Though it is not our business here to catalogue the streams of England, one cannot dismiss the chalk streams without a word of reference to the Colne and the Gade, whose clear buoyant waters strike such a pleasant and even unexpected note within 20 or 30 miles of London, in the fat and formal luxuriance of Hertfordshire. Born in the chalk ridges of the Chilterns, they show in their quite considerable span of existence many a delightful vista of fresh glancing waters amid opulent forest or park scenery, flowing as they do through a county that for generations has, more perhaps than any other, been associated with the country-seat of the city magnate.

CHAPTER IV

THE BORDER RIVERS

NORTHUMBERLAND is a county of generous limits as well as of character and distinction far above the common. For the entire space of its greatest length – which runs north and south, speaking freely, or from the Tweed to the Roman Wall and the South Tyne – a deep belt against its western frontier, spread the solitudes of Cheviot. Here, as in South Wales, is a vast watershed, covering a little matter of 700 or 800 square miles of silent mountain and moorland, not to reckon its overlap into Roxburgh and Cumberland, which, like the other, the outside world knows absolutely nothing about. Crossing the head waters of the South Tyne and the Eastern Derwent, which last divides Durham and Northumberland, the Cheviot range (not locally thus designated for the whole distance) merges at length into the Durham moors on the one hand and the Pennines on the other. A fine block of mountain solitude this, and, judged by our English standards, of really vast extent, as well as of worthy altitude; for the “Great Cheviot” on the north is 2700 feet, and Cross Fell on the Pennines, a range familiar in the distance, at any rate, to Lake tourists, is higher still.

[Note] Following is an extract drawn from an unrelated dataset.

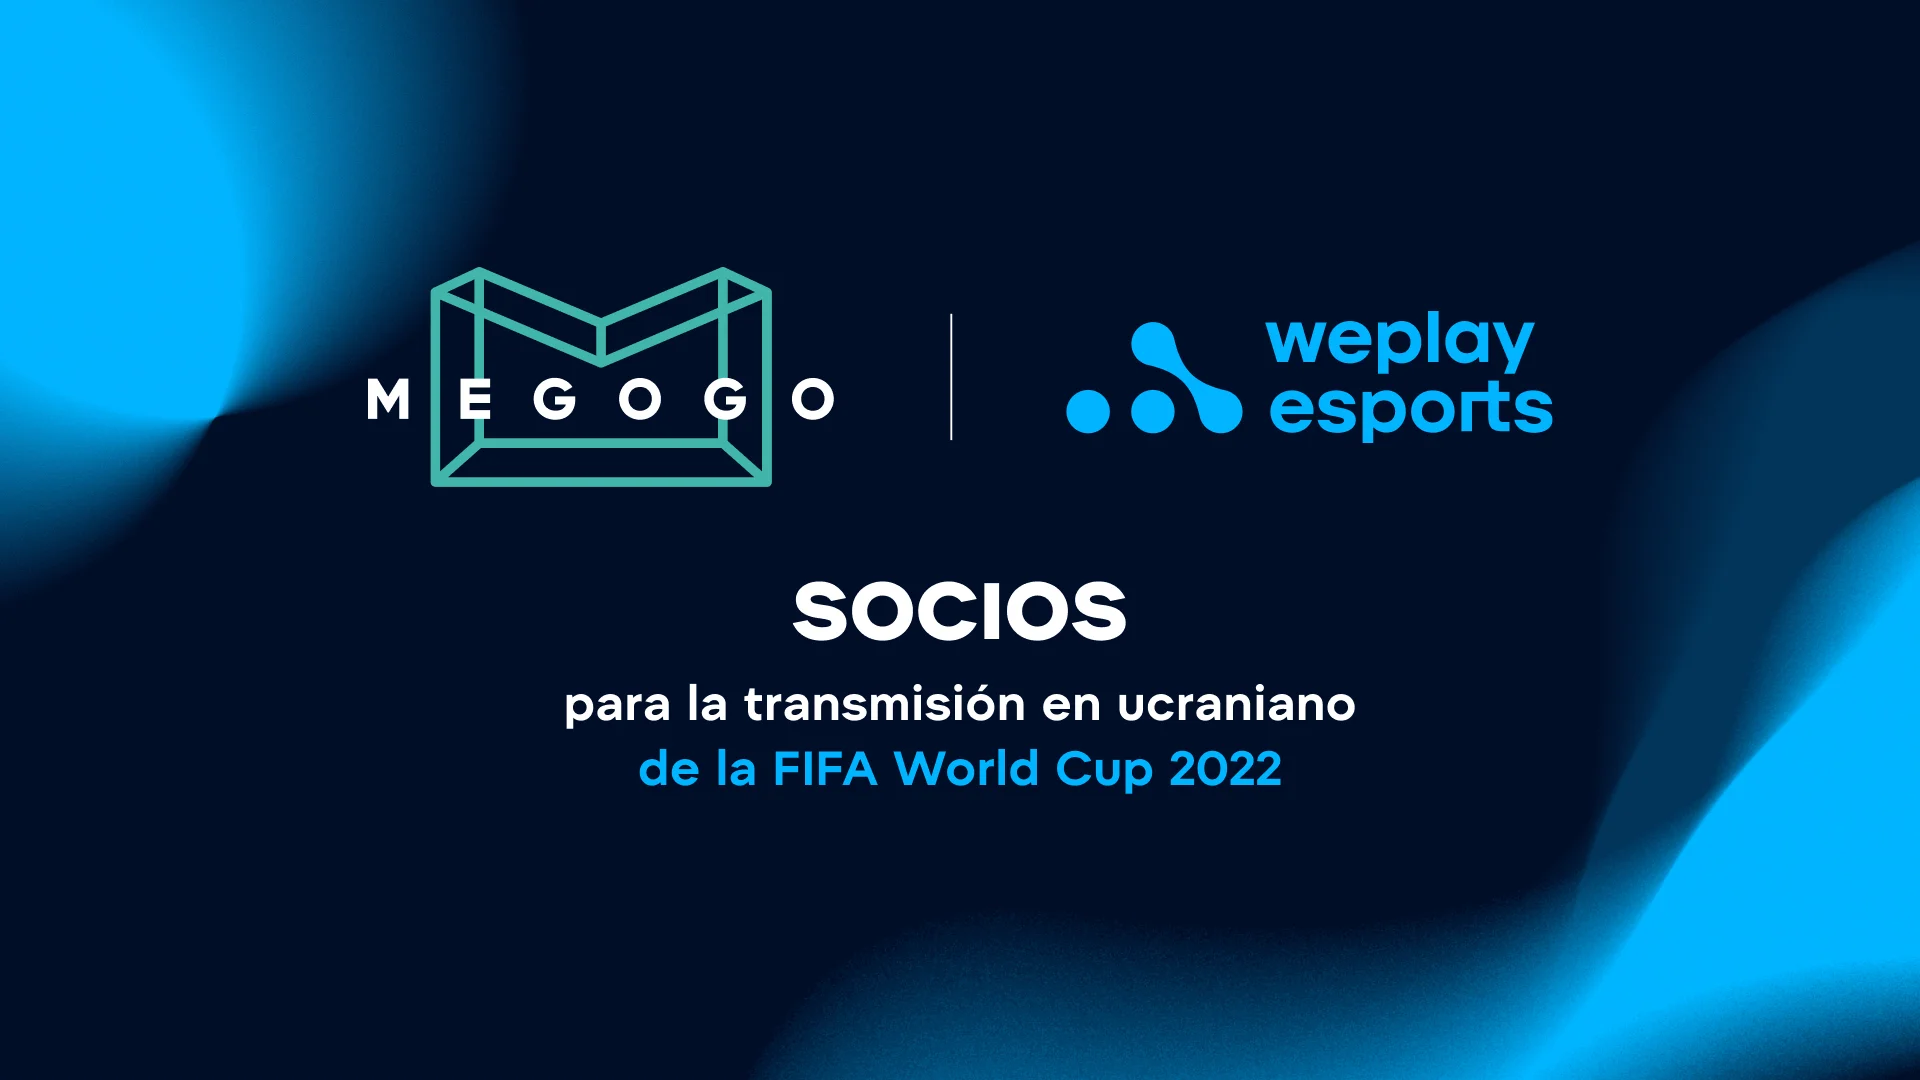 WePlay Esports es el socio productor oficial de la transmisión en ucraniano de la FIFA World Cup 2022. Imagen: WePlay Holding

Humped up between the Irish Channel and the North Sea these highlands pour their waters copiously to the right and left through the intervening low country into either ocean. Eastward go the North and South Tyne, the Allen, the Wandsbeck, the Aln, the Coquet, and the Till, the last alone swerving northward, and, as every one who knows their Scott will remember, flowing by Flodden Field into the Tweed. Most of its farther waters flow westward into Scotland, save the Eden and the Irthling, while the Liddel at any rate touches Cumbrian soil. One may remember, too, that Northumberland owns the right bank of Tweed for its last 20 miles, and both banks at its mouth. But one turns to the Tyne instinctively – though Durham has claims upon one shore in its final uproarious stages – as the typical, as it is much the greatest, of Northumbrian rivers.